La protesta delle donne ha funzionato: il partito di maggioranza ha dichiarato che il divieto poteva produrre risultati "contrari", e persino i vescovi hanno fatto un passo indietro

La Camera Bassa del Parlamento polacco (occupato in maggioranza dal partito conservatore Diritto e Giustizia, sigla PiS) aveva approvato la discussione su una proposta di legge che chiedeva di togliere la possibilità di abortire anche nei casi previsti per legge – ovvero dopo una violenza sessuale o per gravi problemi di salute. Molte donne polacche hanno aderito a uno sciopero “in nero” – chi restava a casa da lavoro o voleva aderire simbolicamente doveva indossare un capo nero – per chiedere che la proposta venisse rifiutata. Hanno partecipato 6 milioni di donne, 100mila sono scese in strada per manifestare nelle principali città.
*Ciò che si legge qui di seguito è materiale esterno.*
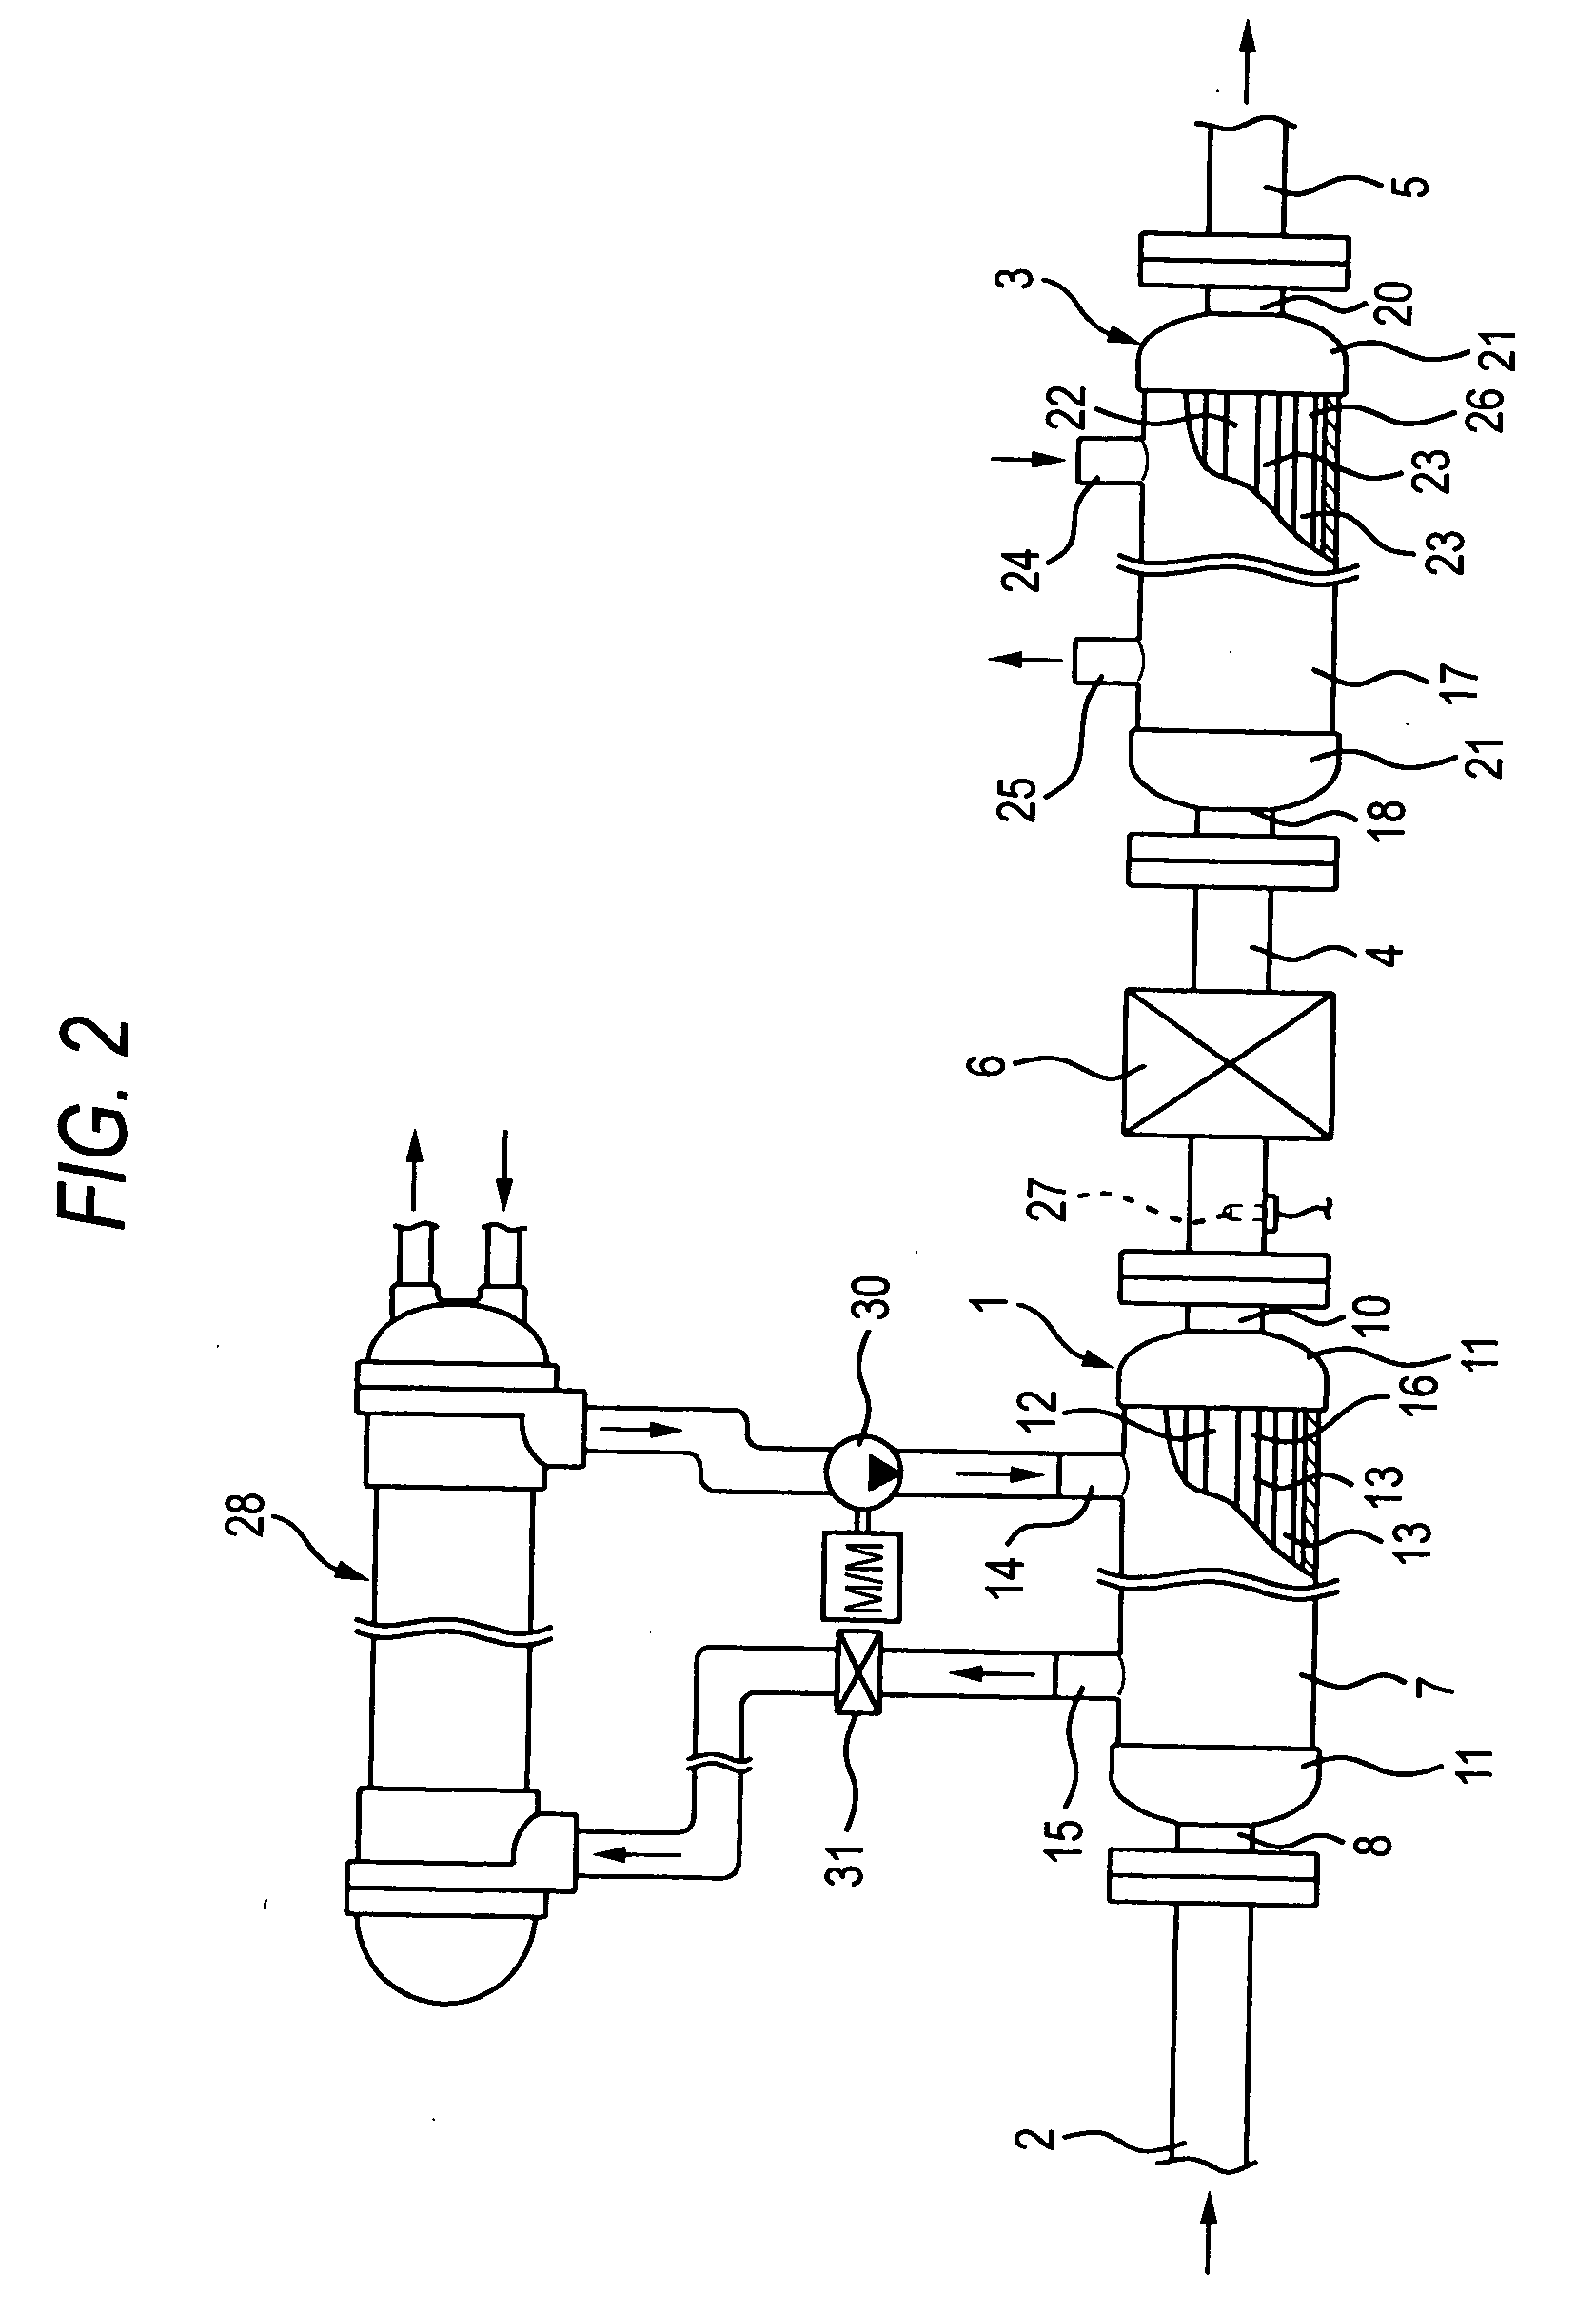 EGR gas cooling apparatus

Oggi il Parlamento ha bocciato il disegno di legge con 352 voti, compresi quelli dei deputati del partito PiS – 56 deputati hanno votato favore, 18 si sono astenuti. Il leader del partito Jaroslaw Kaczynski ha detto a riguardo «Pis è e sarà sempre dalla parte della vita ma l’impatto del divieto di aborto può essere contrario ai risultati desiderati», i vescovi polacchi invece hanno dichiarato di non essere favorevoli a punire le donne che abortiscono (cosa che invece era prevista nel disegno di legge: chi abortiva avrebbe rischiato fino a tre anni di carcere, stesso rischio anche per i medici che consigliavano l’interruzione di gravidanza in caso di pericoli per la salute della madre).